Читаем Россия в Средней Азии. Завоевания и преобразования полностью

Если наше движение в Азии приводит англичан в такое неистовство, то, значит, оно верно попало в цель, для кого-то опасную, следовательно, непременно полезную нам. Ведь несомненно, что Англия – враг России и нигде не уязвима, кроме как в Азии. Это узда, которой мы всегда можем сдерживать Англию, готовую нам всюду вредить, что уже и показала она в Крымскую кампанию»[200].

Самарканд в конечном счете остался за Россией – хан смирился с утратой священного города, контролирующего к тому же подачу воды в пределы эмирата. Кауфман был награжден орденом Святого Георгия 3-й степени, и в Николаевском инженерном училище, выпускником которого он был, по повелению Императора установили мраморную доску с золотом выполненной надписью «Самарканд, 1868» и его именем.

Взятие Самарканда отразилось в солдатском фольклоре; К.П. Кауфман стал его героем. Туркестанские роты и сотни теперь на марше и на привале распевали совсем новые песни:

Не пыль со степи закрутилась,Глаза путнику застилаючи, —
То войска наши суетилися,В поход себя собираючи.От Кауфмана им приказ пришел:Чтоб в день они поуправились…И наутро отряд по дороге уж шел:
К Самарканду войска понаправлялись.

То была своего рода песенная история самаркандского похода, которая излагалась эпизод за эпизодом. Были и оценочные куплеты:

Мы всегда бухарцев бьем,Им мы ходу не даем.Из себя на вид он ловок,
Да душой – трусишка – робок,Коль идешь к нему на штык,От тебя сейчас он прыг.Его храбрость мы видали —В Самарканде испытали.

Обычного для фольклора преувеличения в этой оценке не было: готовность к паническому бегству с поля боя была неоднократно продемонстрирована бухарским воинством, что, надо полагать, глубоко оскорбило патриотические чувства мирных бухарцев, которые еще несколько лет назад весьма оптимистично оценивали боеспособность своей армии. «Я слышал, – пишет А. Вамбери в своей книге «Путешествие по Средней Азии..», – как погонщики и поселяне, стоя перед чайными лавками, толковали о политике.
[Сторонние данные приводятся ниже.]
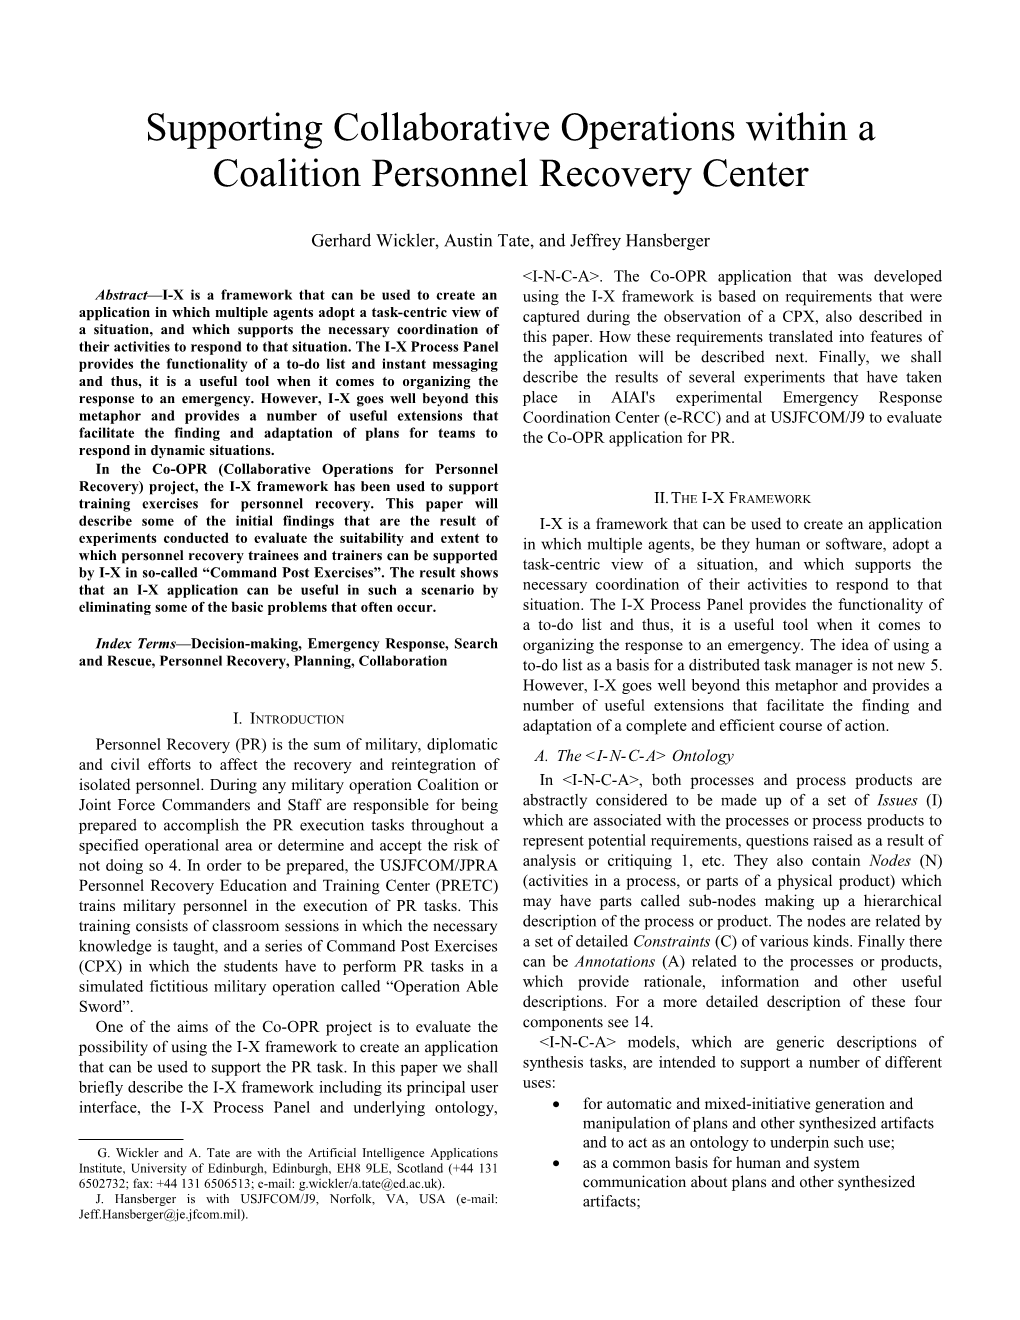 Supporting Collaborative Operations Within a Coalition Personnel Recovery Center

Бедные люди приходили в восторг, говоря о геройских подвигах своего эмира. Они рассказывали, что он проник из Коканда в Китай и, покорив все под свой скипетр на востоке, хочет также завоевать Иран, Афганистан, Индию и Френгистан (то есть Францию. – Е. Г.), все страны до самого Рима; таким образом, мир поделился между султаном (турецким. – Е. Г.) и эмиром»[201].

Таковы были амбиции – и не только у бедных поселян в 1863 г., когда в тех краях под чужой личиной скитался венгерский востоковед. Поражение Бухары в войне с русскими разрушило наивную веру подданных эмира в его могущество и усилило сепаратистские поползновения вероломных вассалов, взявших сторону мятежного эмирского сына Абдулмалика. В какой-то момент положение владетеля «благородной Бухары», потрясаемой бунтами, стало катастрофическим; и тогда на помощь пришли вчерашние враги. По приказу Кауфмана в дело вмешался начальник Зеравшанского округа генерал Абрамов, который очень быстро «разобрался» с Абдулмаликом и его союзниками – шахрисабзскими беками: разбил их при городе Карши и вернул Каршинский оазис под власть эмира.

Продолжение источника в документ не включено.